Imagine a labor board chair who knows she will be fired if she rules against the president’s friends. Or a consumer safety official who approves a dangerous product because he fears losing his job. That’s no longer hypothetical. It’s the very real consequence of the Supreme Court’s decision Monday in Trump v. Slaughter.

These fears spring from the court’s decision to allow the president to remove the leaders of formerly independent agencies, not for cause but at the president’s whim. The Supreme Court’s decision guts independent agencies — a fixture of our nation’s executive branch for more than a century. In its latest expansion of executive power, the court ruled in a 6-3 decision to allow President Donald Trump to remove Rebecca Slaughter, a member of the Federal Trade Commission, overturning a decision dating back to 1935. In practice, the court’s decision allows the president to fire the heads of independent agencies, bipartisan commissions and boards for any reason: because he does not like their politics, their latest social media posts or their rulings on cases involving his friends, relatives or donors. 
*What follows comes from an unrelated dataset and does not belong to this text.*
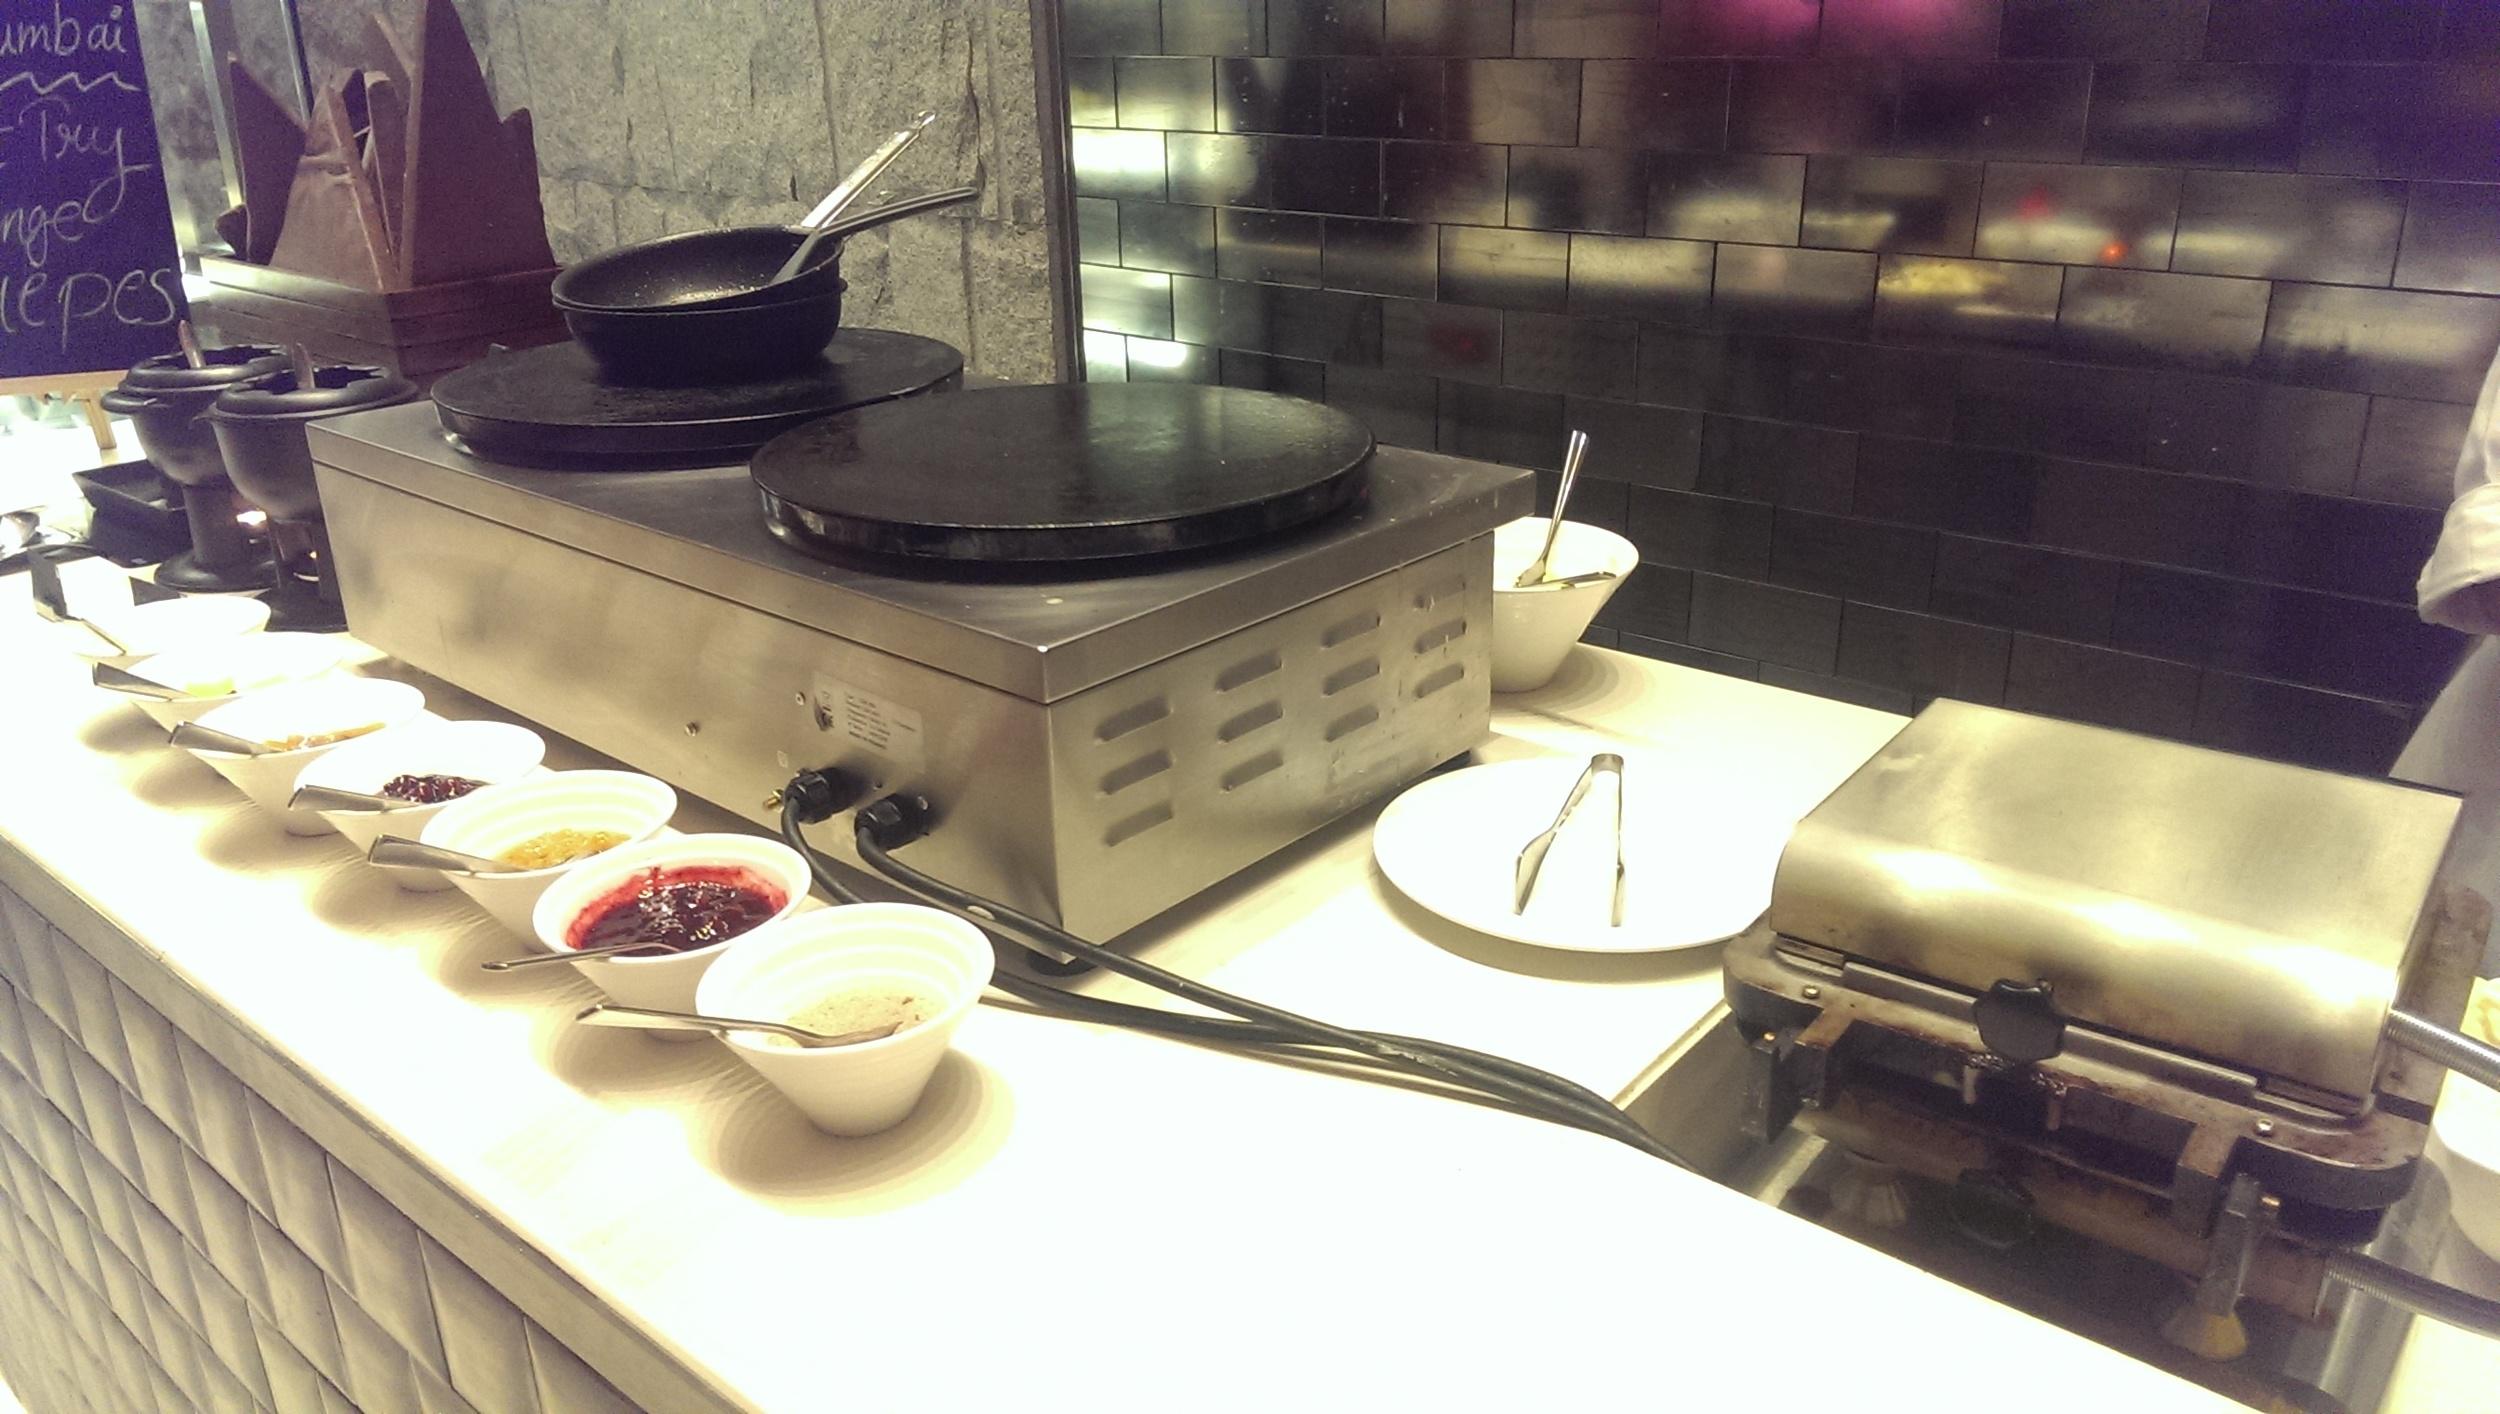 Crepe station and Waffle Iron @ JW Cafe, JW Sahar

Presidents could even effectively shut down agencies when they dislike investigations into the conduct of their political donors and allies. 
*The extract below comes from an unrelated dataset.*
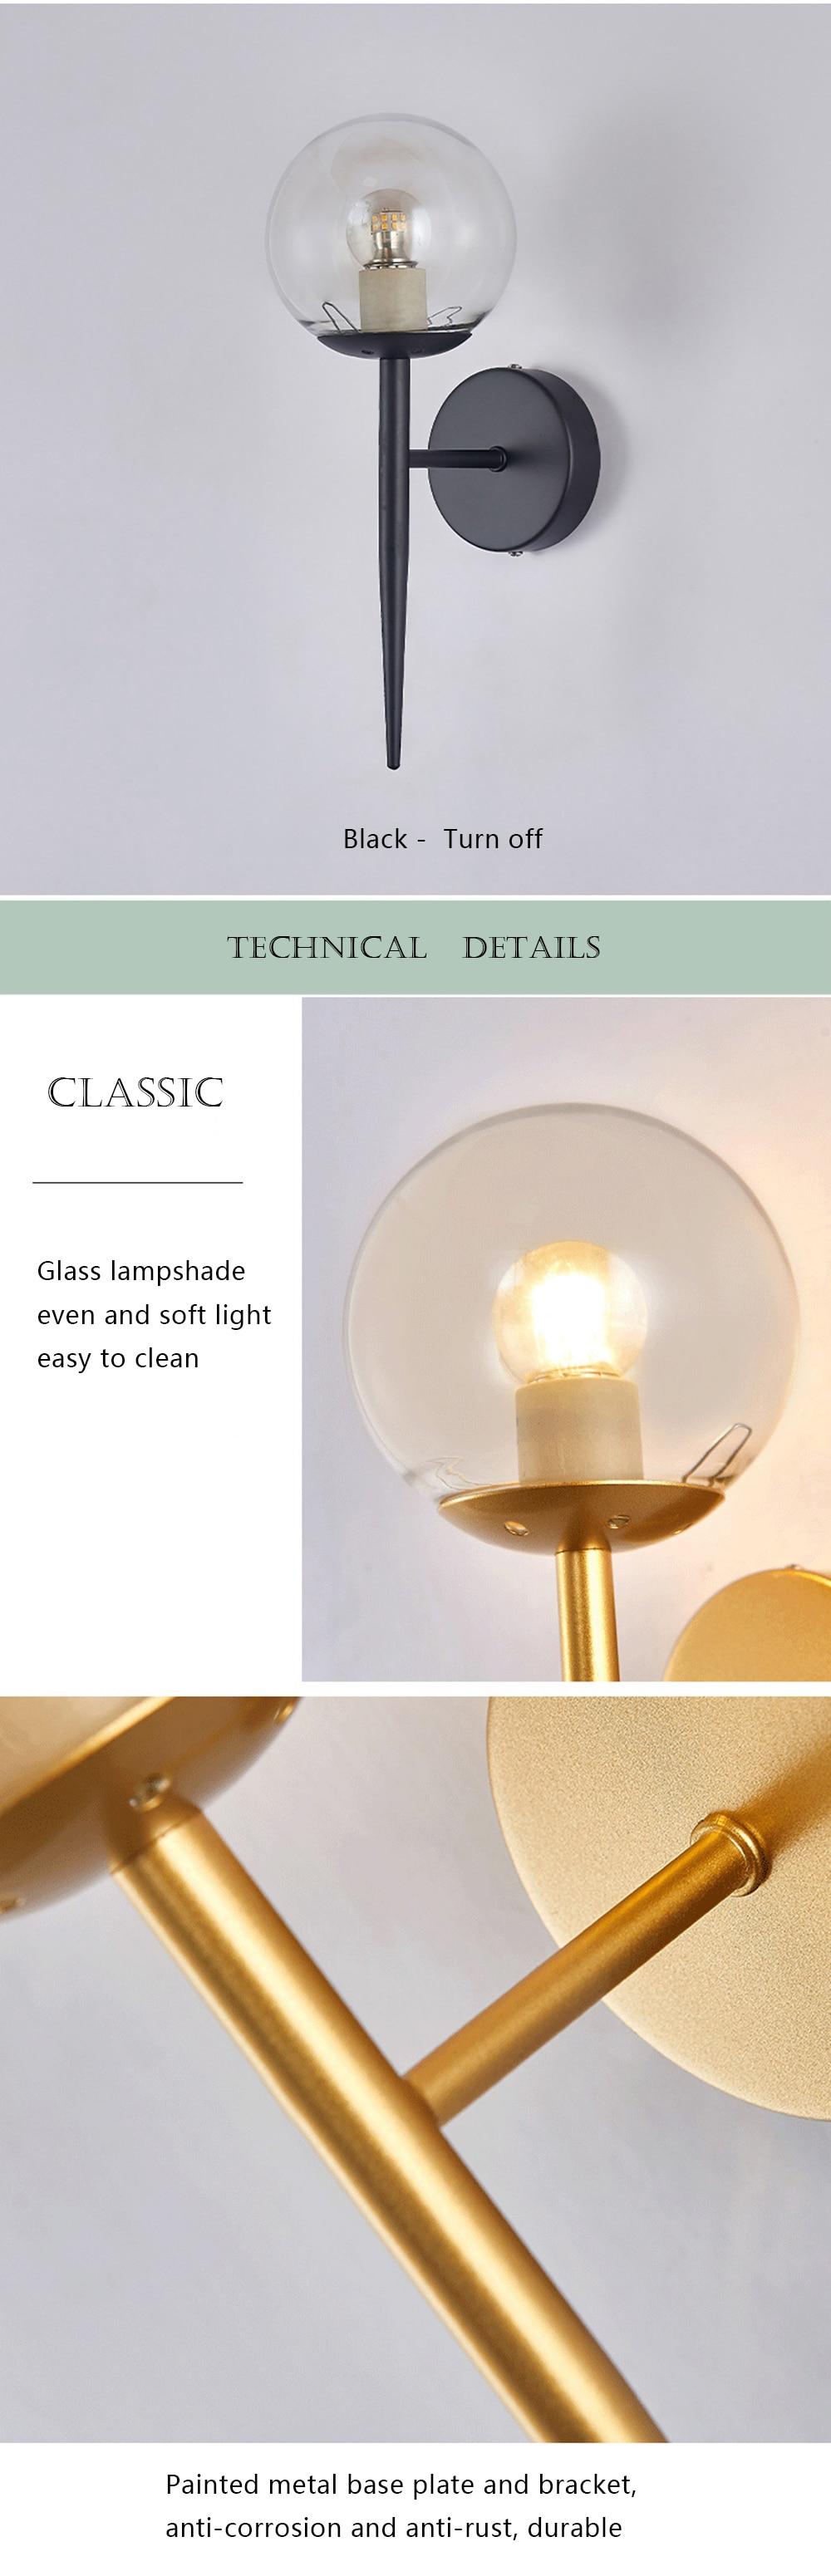 Decorative Bedside Wall Lamp Shade Free Shipping

Independent agencies protect workers and consumers, regulate the media and play many other vital roles in our lives. Congress made them independent to ensure that they rely on expertise and operate free from political interference. The Supreme Court’s decision threatens to inject politics and corruption into these agencies’ functions. Presidents could even effectively shut down agencies when they dislike investigations into the conduct of their political donors and allies. 

Let’s take the impact on workers’ rights. The National Labor Relations Board is supposed to resolve disputes between employers and employees over collective bargaining. Thanks to this ruling, its board members are now beholden to a president who can fire them at will. Unions and workers (not to mention businesses) will never know if the NLRB’s decisions are based on the best interpretation of the law or political favoritism. For instance, earlier this year, the NLRB dismissed a complaint against Elon Musk’s company SpaceX, asserting it lacked jurisdiction. Whether or not that determination was legally correct, decisions like it will now be viewed through a political lens, eroding trust in the agency’s neutrality.
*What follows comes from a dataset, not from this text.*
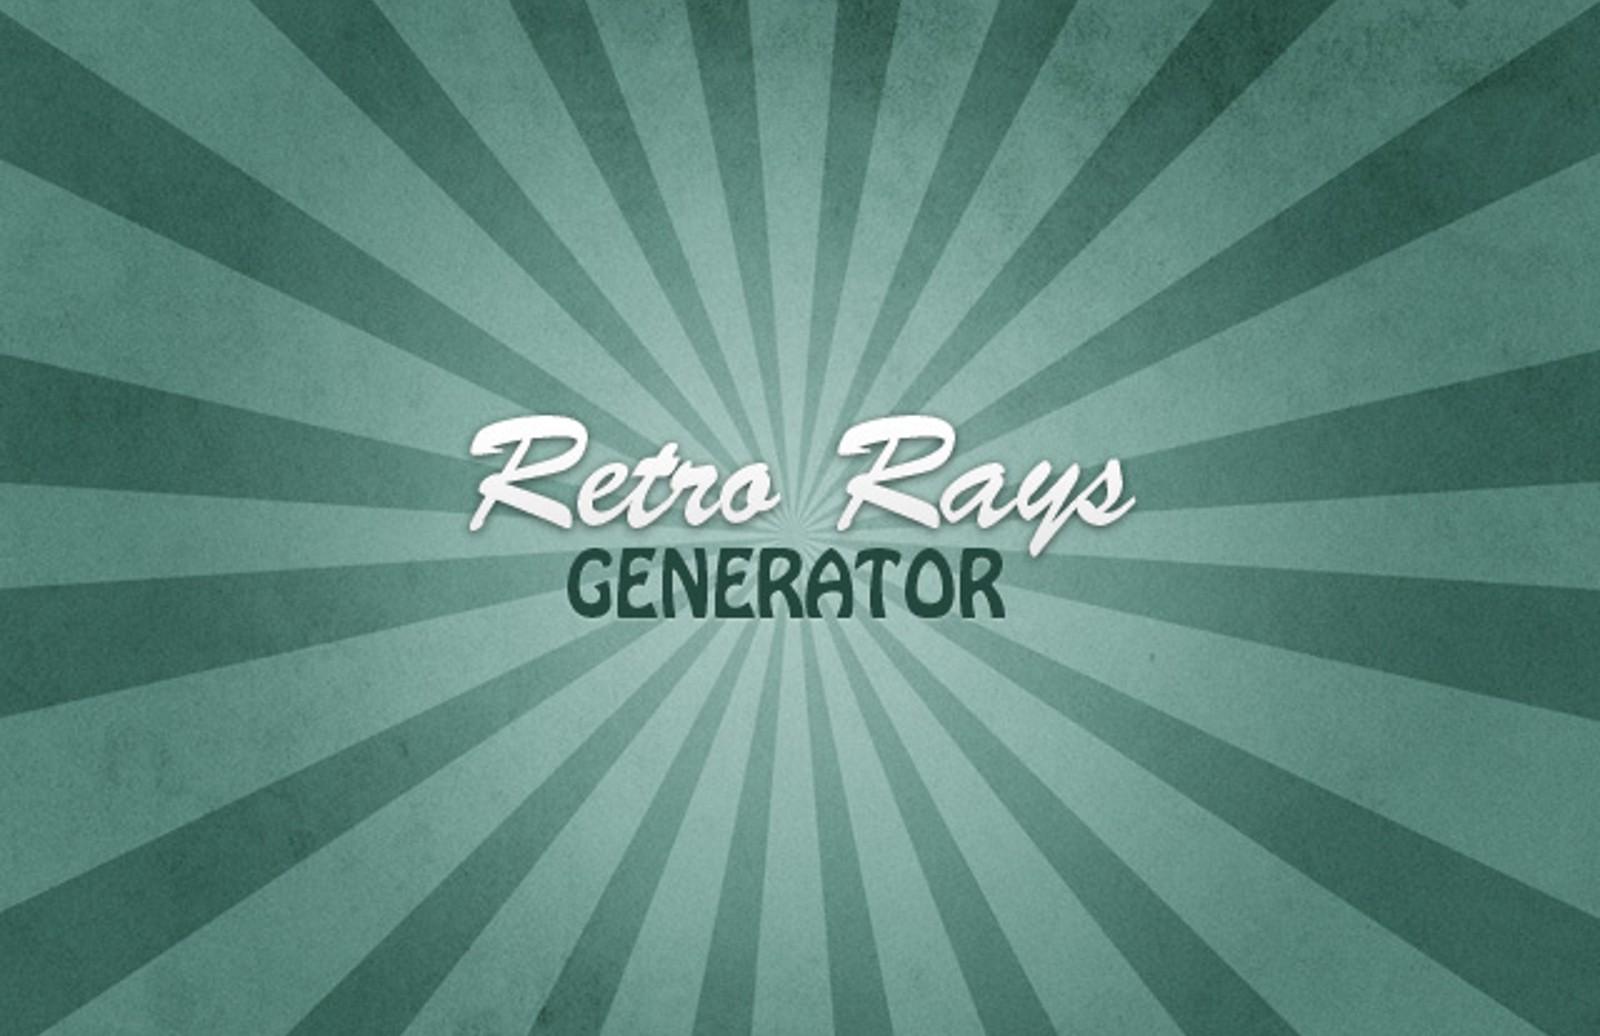 Retro  Rays  Generator  Preview1

Congress must act now to protect the public. 

First, the legislative branch should allow individuals to go to court when they believe their rights have been violated under the statutes that created these agencies, such as the National Labor Relations Act. This ensures that workers, consumers and members of the public can vindicate their rights even if agencies are weakened or politicized.

A similar mechanism already exists under Title VII of the Civil Rights Act. After the Equal Employment Opportunity Commission reviews a claim, workers may pursue their own lawsuits. Even when the EEOC has dropped cases during the Trump administration — such as in cases involving transgender workers — those workers could still pursue their claims on their own. Contrast that with the NLRA, which has no individual right to sue. Unions and workers are stuck with a Trump-controlled NLRB.

Second, Congress should allow states to protect labor rights. Under current law, only the federal government can protect workers’ rights to join unions. That may have made sense when the NLRB — the agency that carries out that protection — had some independence from political winds as Congress intended. With the Slaughter decision, it no longer makes sense.  States could help protect workers’ rights if they could pass their own labor laws. They could even pass laws that are more protective of labor rights if that is what their voters want. 

Congress must close up the dangerous breach the court has created.

Finally, Congress has its own options to assure neutral adjudication of labor disputes. Congress could say the existing federal courts should protect labor rights, instead of the NLRB, or Congress could even create new specialized labor courts to hear these cases with the judges exercising particular expertise. Either approach would reduce the risk that outcomes are based on political pressure rather than legal judgment.

The Supreme Court has undermined Congress’s commitment to the public that important rights and protections will be enforced by experts free from the pressures of partisan politics. Now Congress must respond — and close up the dangerous breach the court has created.